Dylan LeBlanc Shows Unprecedented Vocal Range and Stirring Arrangement on ‘Renegade’ (ALBUM REVIEW)

The most important thing to know about Dylan LeBlanc’s Renegade is that it’s absolutely beautiful. Lush, velvety and gorgeous enough to rival anything I’ve heard this year, this ten-track collection of charmed Americana recollects songwriters like Tom Petty, Townes Van Zandt, Fleet Foxes and Fleetwood Mac. While Renegade has its stand-outs, it also possesses the kind of cohesion that allows you to just press play, confident that it harbors no duds. 

LeBlanc’s power is primarily centered in his supernatural vocal ability, a smoothly silken countertenor rivaling Chris Isaak’s buttery croon but effortlessly able to throttle into an overdriven growl or yelp at any moment. His voice has always been impressive, since he released his 2010 debut three albums ago, but on Renegade, his skills culminate in a display of unprecedented vocal range, the result of a decade of development on the road. 

The Nashville-residing, Shreveport-born LeBlanc is rooted in richly storied locales, splitting his formative years between his mom and dad’s respective homes in Austin, TX and Muscle Shoals, AL, and the settings have seeped into his discography. Renegade, LeBlanc’s fourth full-length and his first for ATO Records, retains his penchant for threading together poignantly heartbreaking narratives with that constantly developing voice, sounding like an angel serially molting into ever-more-magnificent sets of wings. This time around, however, he’s fully electrified, with all the strength and density of his road band since 2016 and best buds since childhood: Muscle Shoals stalwarts The Pollies. 

Renegade was tracked in 3 days and sent off for mastering after 10. It was mostly recorded live, each track captured in fewer than three takes in Nashville’s Studio A, and produced by Grammy Award winning Dave Cobb (Brandi Carlile, Chris Stapleton, Jason Isbell). The album undertakes issues of sobriety, religion, personal reflection, tragedy and all sorts of calamitous life choices. The tracks are all loosely tied to the idea of the renegade, individuals operating outside communal norms, and are inspired by numerous stories from strangers as well as LeBlanc’s own life. “I like the idea of a renegade,” says LeBlanc in a press release. “Branching off from society or from the structure of the way our world is designed…I wanted to write about the crueler, nasty aspects of the world and life.”

The album opens with its strongest sounds, its singles “Renegade” and “Born Again.” The title track, one of the first songs written for the album, has a fateful arc, zeroing in on hometown characters who chose a life off the beaten path, attempting unsuccessfully to defy the odds: a woman who resists her sister’s advice and falls for a troubled stranger, only to regret it when he winds up on the losing end of a shoot-out with the law. Taunted by lonely desert-noir vocal harmonies and hints of chiming dulcet tones, “Renegade” is driven by punchy drums patrolling the doomed tale and inspiring a feeling that it’s always nearly off the rails, that the whole thing is threatening to end up in a smoldering pile by the end of each subsequent verse.
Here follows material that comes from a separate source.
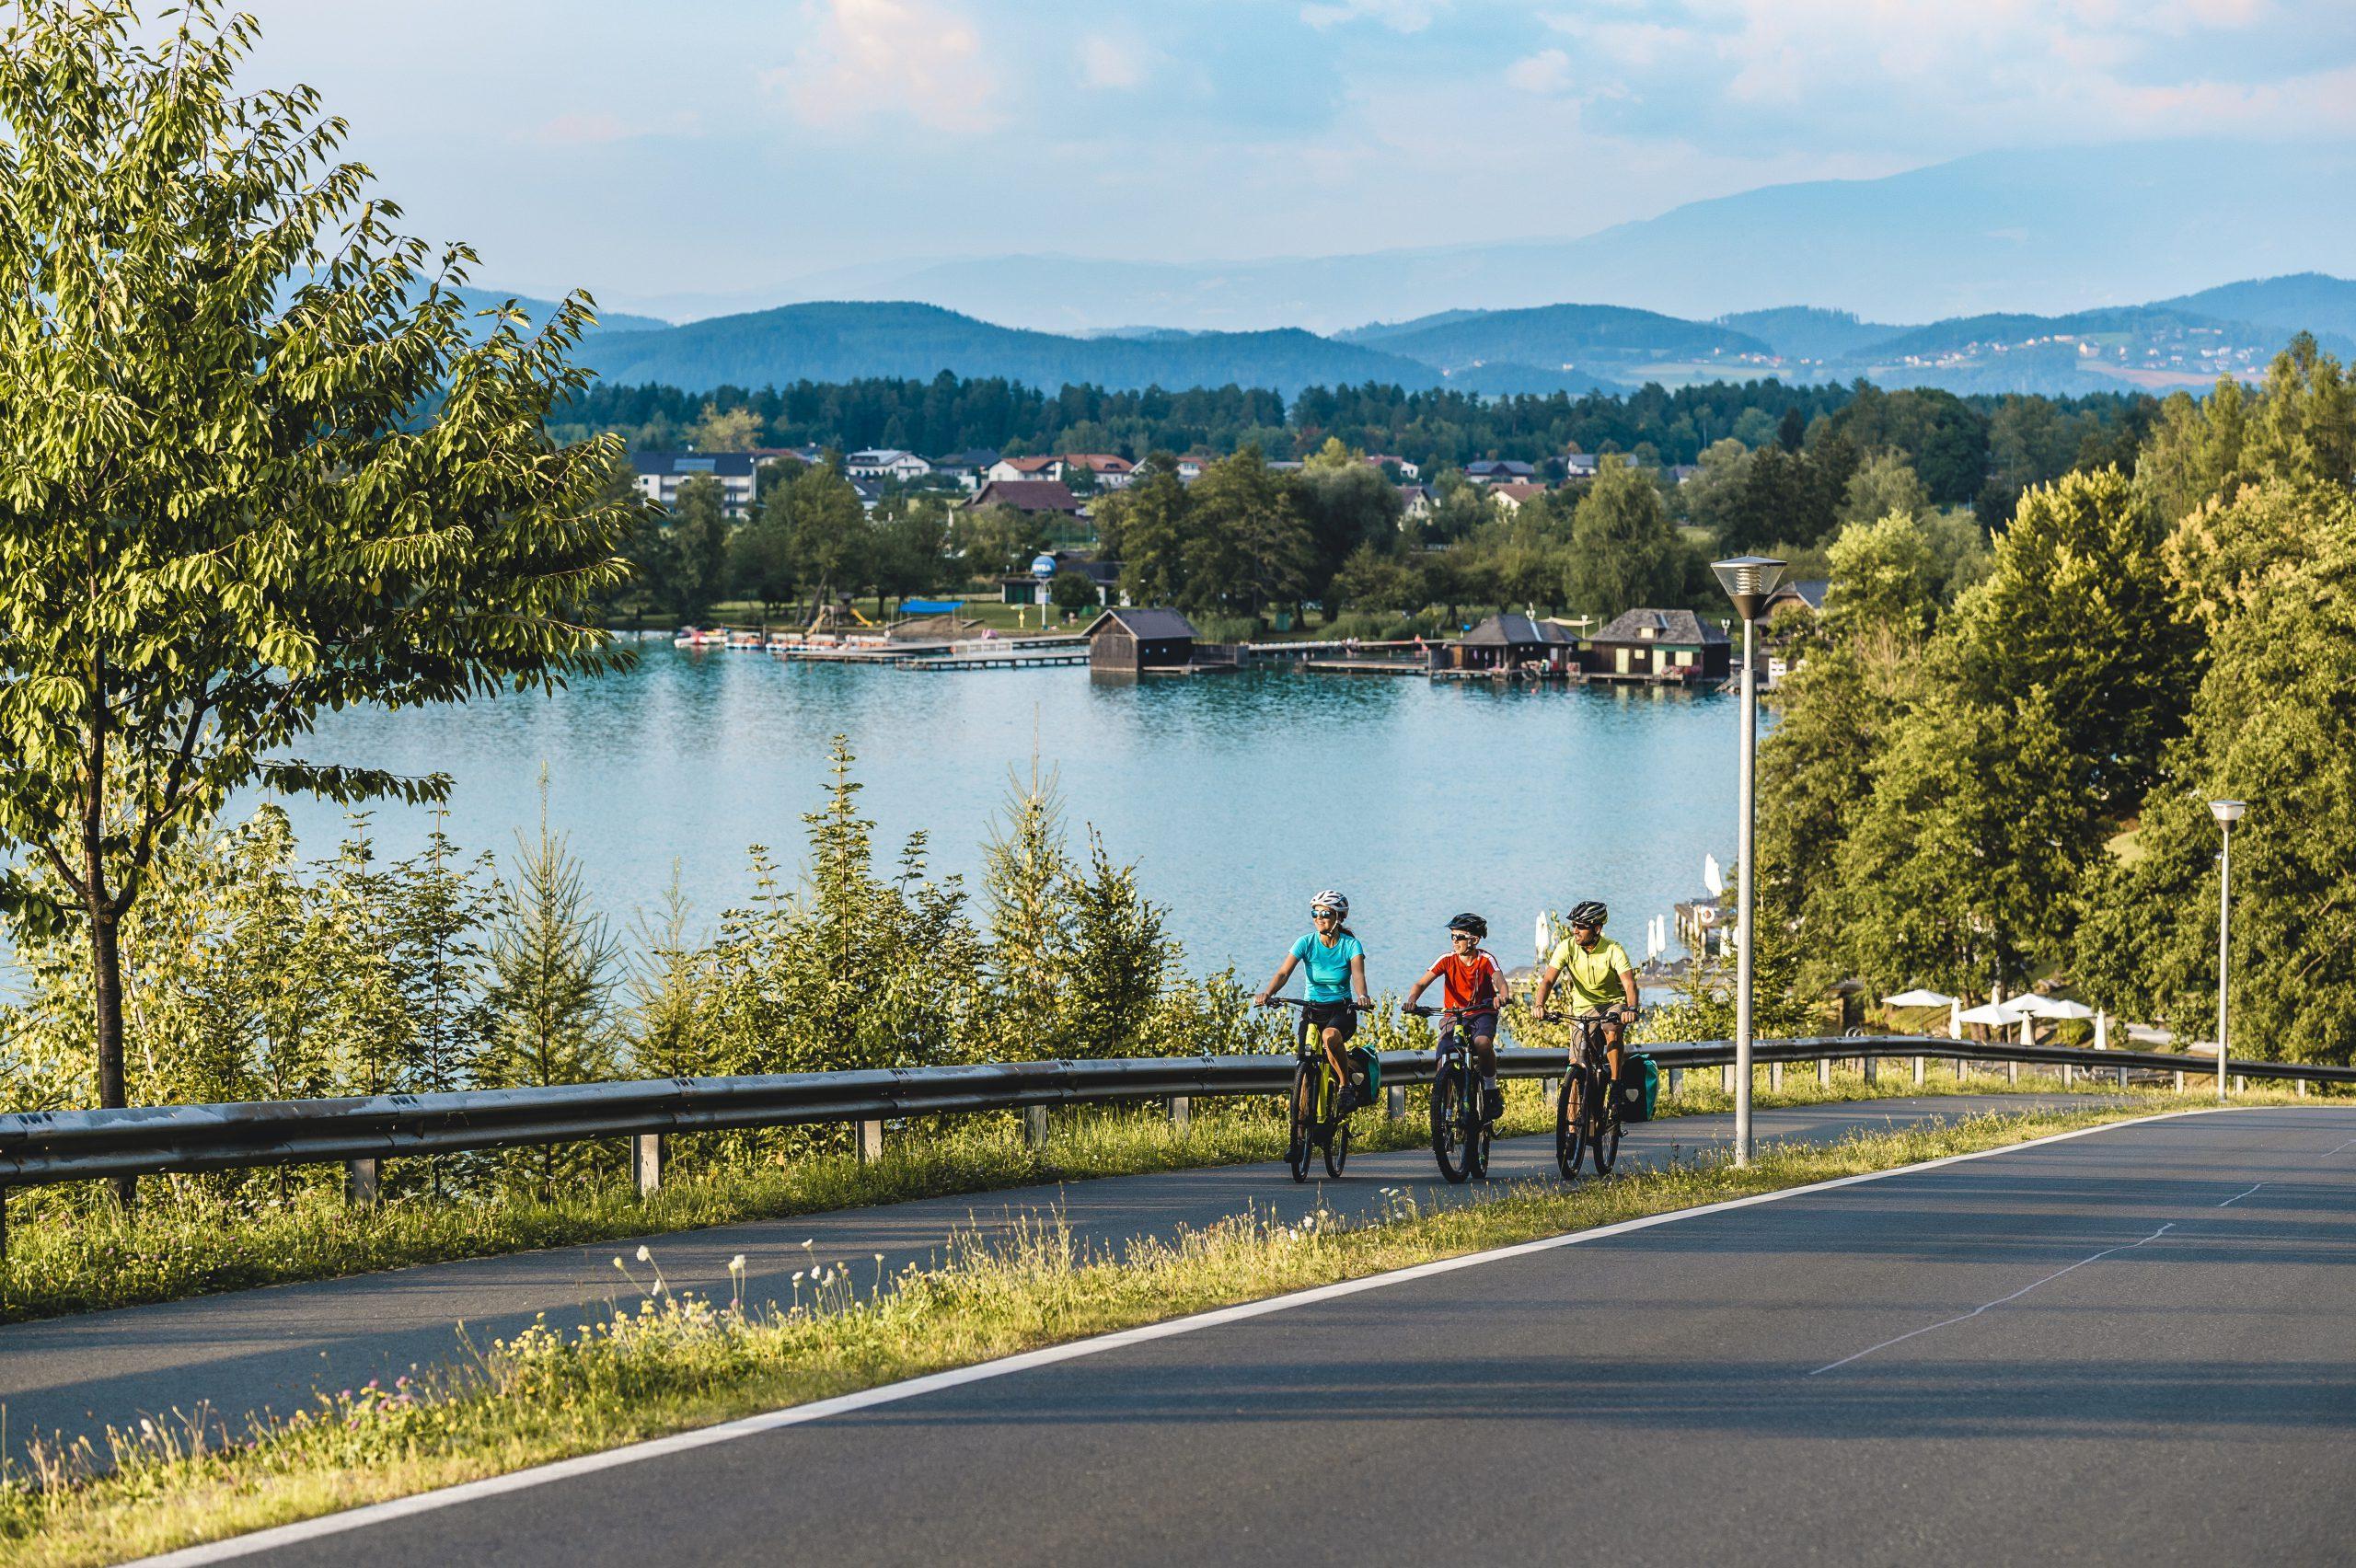 Kerékpárral megkerülve a Klopeiner See-t - öröm a kerékpárosok számára
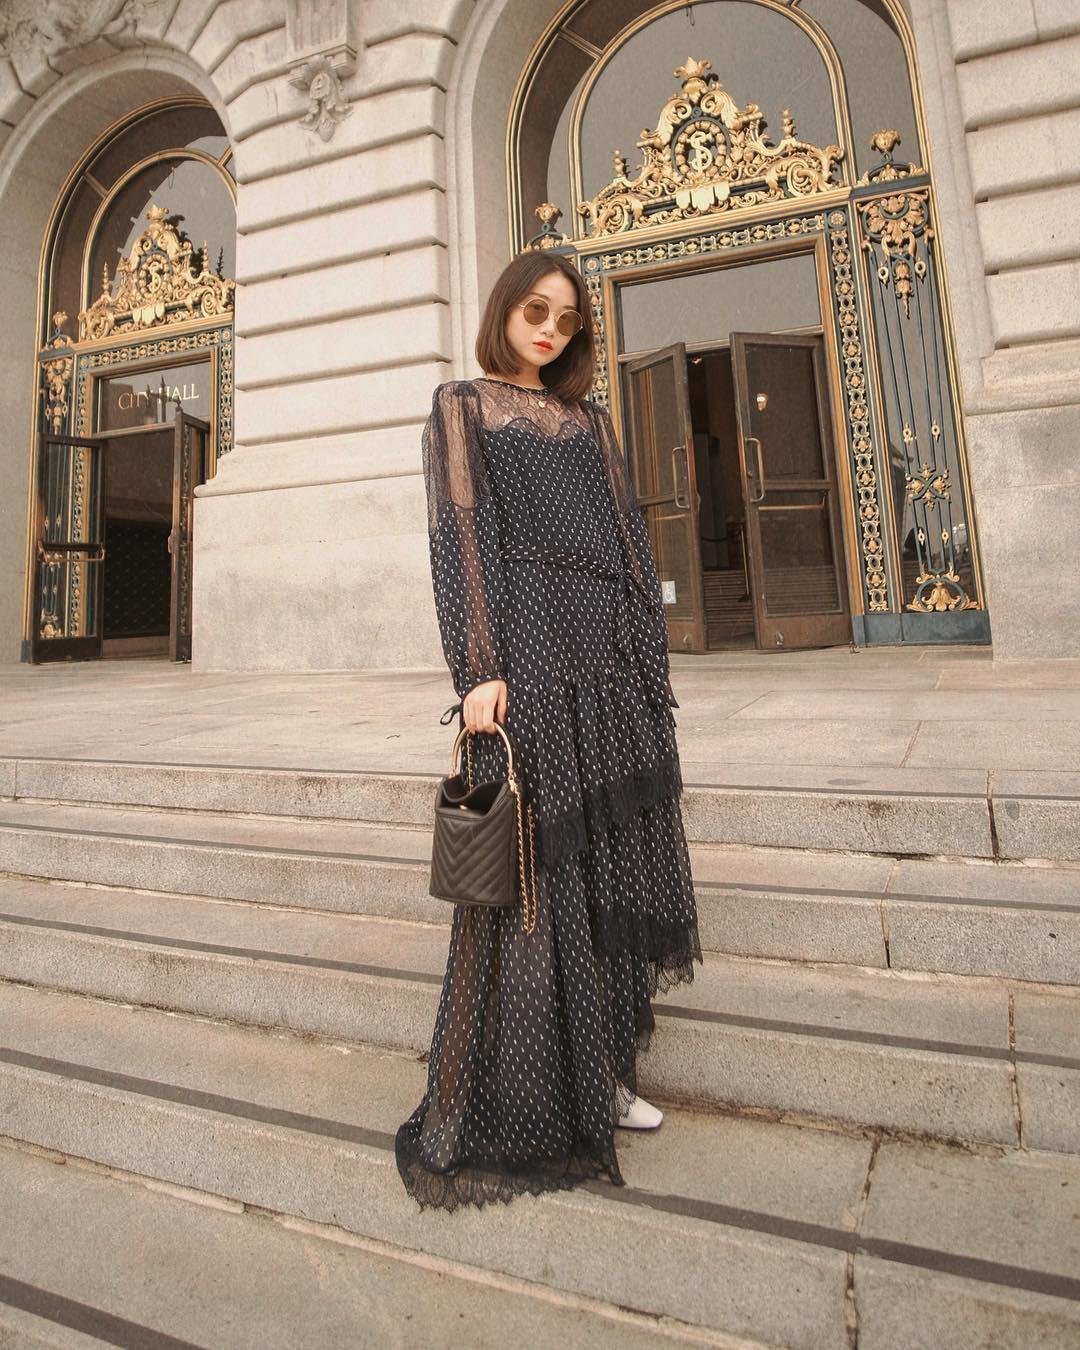 Bỗng thấy không kiểu váy nào vượt qua được váy dáng dài về độ sang chảnh, yêu kiều và hợp rơ với tiết trời se lạnh - Ảnh 13

“Born Again” features some of the loveliest vocals of the album and supremely elegant production, sounding like Fleetwood Mac reinterpreting Tom Petty. The second single spins a looser narrative than its predecessor, rhetorically philosophizing on how life can bring you to the point of utter despair and in search of a total 180. LeBlanc reflects on this requisite rebirth in press materials, musing on “wanting to be different, tired of pain and how sometimes life literally beats you into a state of submission. It literally beats you down until you’re ‘born again,’ until some sort of accordance with the universe takes place, but how everything in your past leads you up to that point.” The single kicks off with choice lyrics: “Well, it’s hard to see the past with your back up against the wall / You never had to look back ’til you didn’t like what you saw.”

There isn’t a loser among the tracks, but “Bang Bang Bang,” “Domino” and “Honor Among Thieves” truly can’t be missed. A story of tragic gun violence revealed during a conversation with a New Orleans native inspired “Bang Bang Bang,” which boasts a simple yet satisfying bass line and utterly heartbreaking tremolo-fueled guitar solo, plus intense vocals vaguely reminiscent of some transcendent power ballad from 1985. On “Domino,” LeBlanc reflects from the perspective of a stranger who shared her experiences of prostitution, featuring some of the most versatile vocals of the album, easily transitioning from smooth crooner to emotive growler. Closing track “Honor Among Thieves” tackles ancestry and immigration, with a powerful slow build from an acoustic guitar and a single vocal to a thick stirring string arrangement, eventually adding percussion and enveloping the listener in a blanket of emotions to close out LeBlanc’s best album yet.